• DESCRIPTION OF THE TASK:
Transcribe exactly the span of lines that begins the records and ends with the line holding "Patch Mount Kilimanjaro", both boundary lines included.

━━━━━ DATA TO USE

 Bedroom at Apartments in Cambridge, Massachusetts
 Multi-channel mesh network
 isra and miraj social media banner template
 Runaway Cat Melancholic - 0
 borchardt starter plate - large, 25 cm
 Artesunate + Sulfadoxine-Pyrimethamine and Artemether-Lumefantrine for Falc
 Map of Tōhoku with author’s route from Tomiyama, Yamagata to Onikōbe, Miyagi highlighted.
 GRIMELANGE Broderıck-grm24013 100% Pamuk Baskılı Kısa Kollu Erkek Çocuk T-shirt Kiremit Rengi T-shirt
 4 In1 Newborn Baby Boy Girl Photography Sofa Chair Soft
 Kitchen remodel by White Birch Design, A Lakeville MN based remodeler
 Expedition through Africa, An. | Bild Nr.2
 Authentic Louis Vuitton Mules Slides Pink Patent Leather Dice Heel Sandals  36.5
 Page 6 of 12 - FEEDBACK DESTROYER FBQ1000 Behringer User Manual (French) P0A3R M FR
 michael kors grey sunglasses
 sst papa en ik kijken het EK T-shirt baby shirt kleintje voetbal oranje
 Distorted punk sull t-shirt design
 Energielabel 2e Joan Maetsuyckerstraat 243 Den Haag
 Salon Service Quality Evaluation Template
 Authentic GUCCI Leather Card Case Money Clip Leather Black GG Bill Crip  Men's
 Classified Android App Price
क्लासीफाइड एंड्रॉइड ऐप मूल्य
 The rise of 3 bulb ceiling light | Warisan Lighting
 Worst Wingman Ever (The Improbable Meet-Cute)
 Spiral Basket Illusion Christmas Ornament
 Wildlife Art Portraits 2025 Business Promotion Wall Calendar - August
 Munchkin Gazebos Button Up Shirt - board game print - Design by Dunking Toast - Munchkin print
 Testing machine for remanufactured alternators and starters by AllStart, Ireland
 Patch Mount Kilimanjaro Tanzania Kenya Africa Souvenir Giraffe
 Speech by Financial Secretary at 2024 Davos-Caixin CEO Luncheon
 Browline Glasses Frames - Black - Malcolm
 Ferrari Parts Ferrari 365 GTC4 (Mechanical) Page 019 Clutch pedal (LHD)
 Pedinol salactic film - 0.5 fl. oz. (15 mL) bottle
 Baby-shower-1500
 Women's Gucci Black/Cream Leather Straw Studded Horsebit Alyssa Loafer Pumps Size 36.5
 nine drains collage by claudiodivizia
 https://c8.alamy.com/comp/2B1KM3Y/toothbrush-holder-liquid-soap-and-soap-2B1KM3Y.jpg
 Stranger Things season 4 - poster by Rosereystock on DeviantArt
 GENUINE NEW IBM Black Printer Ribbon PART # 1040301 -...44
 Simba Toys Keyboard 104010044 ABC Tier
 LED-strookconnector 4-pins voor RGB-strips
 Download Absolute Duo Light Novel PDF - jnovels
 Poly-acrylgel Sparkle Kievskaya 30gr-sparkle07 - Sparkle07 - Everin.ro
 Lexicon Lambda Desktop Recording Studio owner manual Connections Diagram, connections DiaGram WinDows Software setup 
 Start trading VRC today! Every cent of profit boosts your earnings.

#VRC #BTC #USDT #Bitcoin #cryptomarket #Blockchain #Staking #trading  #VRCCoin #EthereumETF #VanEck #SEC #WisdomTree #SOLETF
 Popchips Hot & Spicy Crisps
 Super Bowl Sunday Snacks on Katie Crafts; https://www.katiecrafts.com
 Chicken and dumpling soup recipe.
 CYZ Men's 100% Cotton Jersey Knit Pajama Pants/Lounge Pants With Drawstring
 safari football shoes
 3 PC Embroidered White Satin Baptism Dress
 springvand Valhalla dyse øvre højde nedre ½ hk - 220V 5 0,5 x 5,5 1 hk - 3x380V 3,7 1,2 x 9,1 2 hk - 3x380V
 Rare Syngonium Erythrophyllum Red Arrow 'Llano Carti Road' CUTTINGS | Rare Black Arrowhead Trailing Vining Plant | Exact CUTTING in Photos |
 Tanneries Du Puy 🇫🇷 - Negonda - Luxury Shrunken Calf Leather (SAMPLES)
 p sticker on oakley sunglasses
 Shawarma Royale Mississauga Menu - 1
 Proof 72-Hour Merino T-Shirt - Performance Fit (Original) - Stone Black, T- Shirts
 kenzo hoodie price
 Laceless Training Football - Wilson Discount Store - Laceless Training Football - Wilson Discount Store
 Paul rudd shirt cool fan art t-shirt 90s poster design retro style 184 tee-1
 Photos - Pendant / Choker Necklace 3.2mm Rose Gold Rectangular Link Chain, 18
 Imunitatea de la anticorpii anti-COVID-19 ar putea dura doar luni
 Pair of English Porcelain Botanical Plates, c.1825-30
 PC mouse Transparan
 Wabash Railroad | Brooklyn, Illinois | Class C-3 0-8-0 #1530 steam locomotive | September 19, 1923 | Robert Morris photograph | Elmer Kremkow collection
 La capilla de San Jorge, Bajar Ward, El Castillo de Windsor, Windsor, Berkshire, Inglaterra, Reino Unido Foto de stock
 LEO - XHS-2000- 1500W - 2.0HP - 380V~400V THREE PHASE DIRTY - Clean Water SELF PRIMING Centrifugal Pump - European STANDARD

━━━━━━━━━━

• OUTPUT FOR THIS TASK:
 Bedroom at Apartments in Cambridge, Massachusetts
 Multi-channel mesh network
 isra and miraj social media banner template
 Runaway Cat Melancholic - 0
 borchardt starter plate - large, 25 cm
 Artesunate + Sulfadoxine-Pyrimethamine and Artemether-Lumefantrine for Falc
 Map of Tōhoku with author’s route from Tomiyama, Yamagata to Onikōbe, Miyagi highlighted.
 GRIMELANGE Broderıck-grm24013 100% Pamuk Baskılı Kısa Kollu Erkek Çocuk T-shirt Kiremit Rengi T-shirt
 4 In1 Newborn Baby Boy Girl Photography Sofa Chair Soft
 Kitchen remodel by White Birch Design, A Lakeville MN based remodeler
 Expedition through Africa, An. | Bild Nr.2
 Authentic Louis Vuitton Mules Slides Pink Patent Leather Dice Heel Sandals  36.5
 Page 6 of 12 - FEEDBACK DESTROYER FBQ1000 Behringer User Manual (French) P0A3R M FR
 michael kors grey sunglasses
 sst papa en ik kijken het EK T-shirt baby shirt kleintje voetbal oranje
 Distorted punk sull t-shirt design
 Energielabel 2e Joan Maetsuyckerstraat 243 Den Haag
 Salon Service Quality Evaluation Template
 Authentic GUCCI Leather Card Case Money Clip Leather Black GG Bill Crip  Men's
 Classified Android App Price
क्लासीफाइड एंड्रॉइड ऐप मूल्य
 The rise of 3 bulb ceiling light | Warisan Lighting
 Worst Wingman Ever (The Improbable Meet-Cute)
 Spiral Basket Illusion Christmas Ornament
 Wildlife Art Portraits 2025 Business Promotion Wall Calendar - August
 Munchkin Gazebos Button Up Shirt - board game print - Design by Dunking Toast - Munchkin print
 Testing machine for remanufactured alternators and starters by AllStart, Ireland
 Patch Mount Kilimanjaro Tanzania Kenya Africa Souvenir Giraffe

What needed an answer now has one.